Cela se traduit par un objectif concret : « D’ici six mois, je suis capable d’identifier les trois principaux risques réglementaires qui concernent mon périmètre et d’expliquer à mon équipe les procédures à suivre. » Ce type d’objectif dépasse le cadre classique de la motivation ou de la communication. Il repositionne le leader comme un pilote du risque à son échelle.

Équipe de jeunes professionnels collaborant sur une feuille de route de développement du leadership en espace de coworking

Objectif de leadership et performance d’équipe : mesurer l’écart avant et après

Un objectif de développement du leadership qui ne prévoit pas de mesure de l’écart entre la situation initiale et la situation finale reste invérifiable.
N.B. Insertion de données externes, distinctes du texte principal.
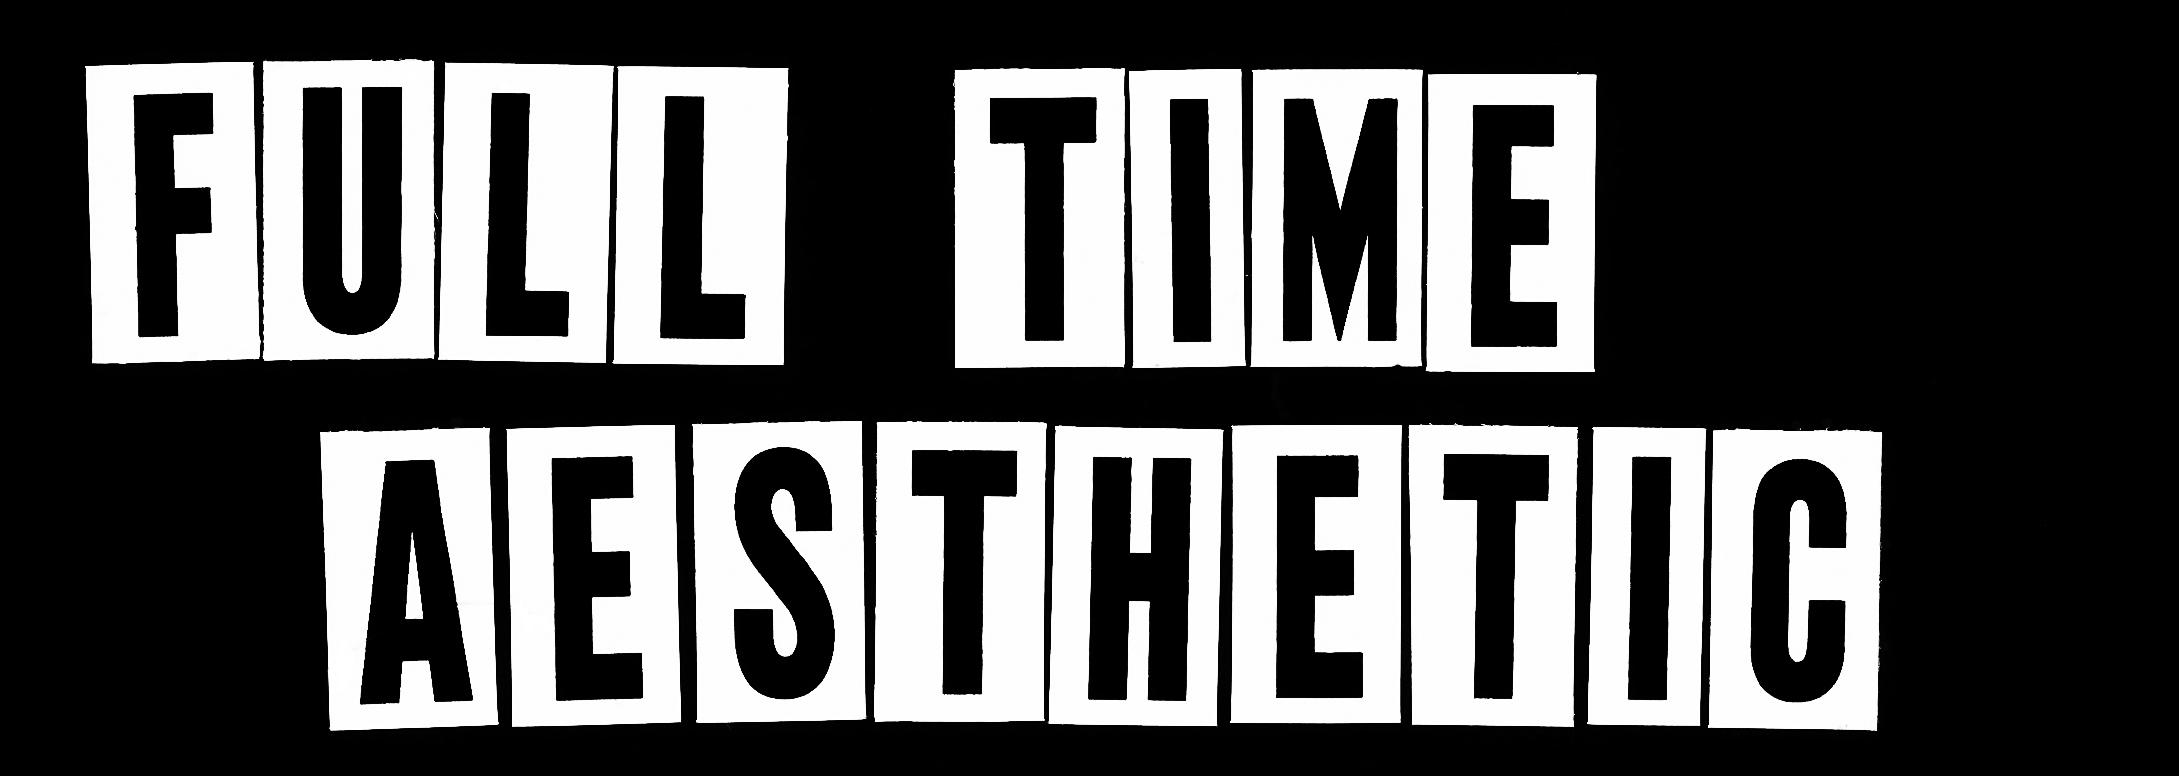 Full Time Aesthetic
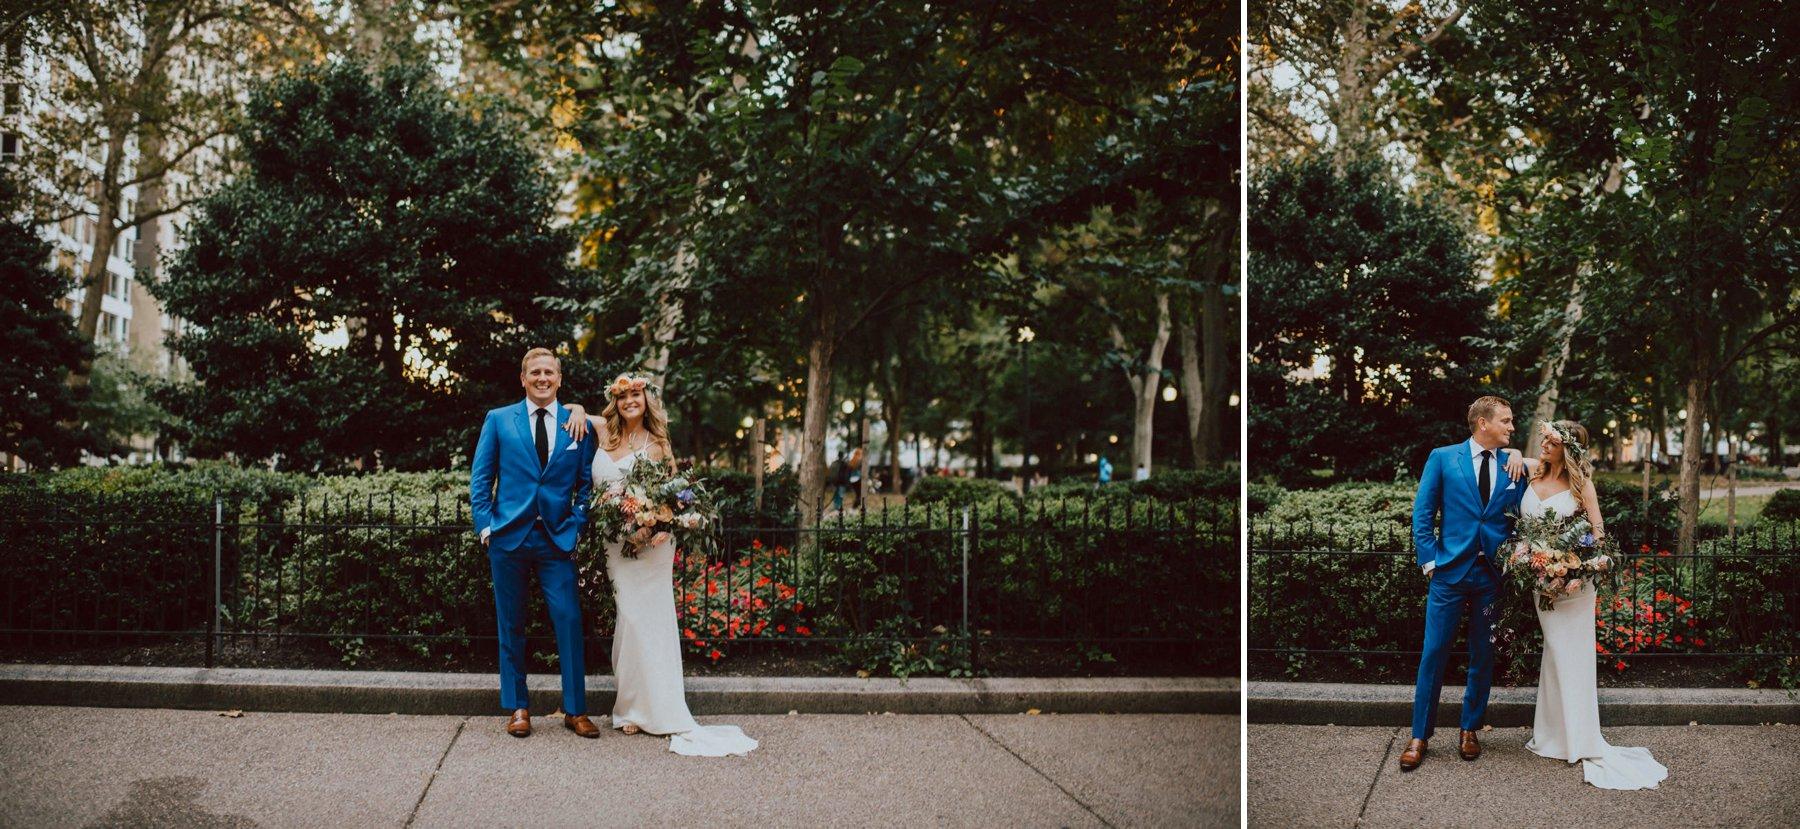 la-cheri-philadelphia-wedding-77.jpg

La logique est simple : évaluer une compétence avant de commencer, fixer un indicateur cible, puis comparer.

  • Avant : score d’engagement de l’équipe mesuré via un baromètre interne ou un questionnaire anonyme.
  • Pendant : suivi mensuel du nombre d’entretiens de feedback réalisés, du taux de participation aux réunions d’équipe, ou du nombre de situations de blocage remontées.
  • Après : nouvelle mesure du même indicateur au terme de la période définie dans l’objectif.

Cette approche évite le piège de l’auto-évaluation subjective. Un objectif de leadership mesurable transforme une intention en processus vérifiable. Le manager qui constate une progression de l’engagement de ses employés sait que son objectif a produit un effet. Celui qui ne constate rien sait qu’il doit ajuster son approche.

En revanche, fixer un objectif trop ambitieux (par exemple, doubler le score d’engagement en un mois) conduit à l’abandon. Un objectif atteignable sur un trimestre produit plus de résultats qu’un objectif spectaculaire jamais atteint.

Le choix d’un objectif de développement du leadership ne relève pas d’une liste universelle à cocher. Il part d’un diagnostic précis de la situation de l’équipe, se formule avec des critères mesurables et s’ancre dans les contraintes réelles du poste, qu’il s’agisse de feedback, de gestion hybride ou de conformité réglementaire. Le seul objectif qui compte est celui que le manager applique réellement, semaine après semaine.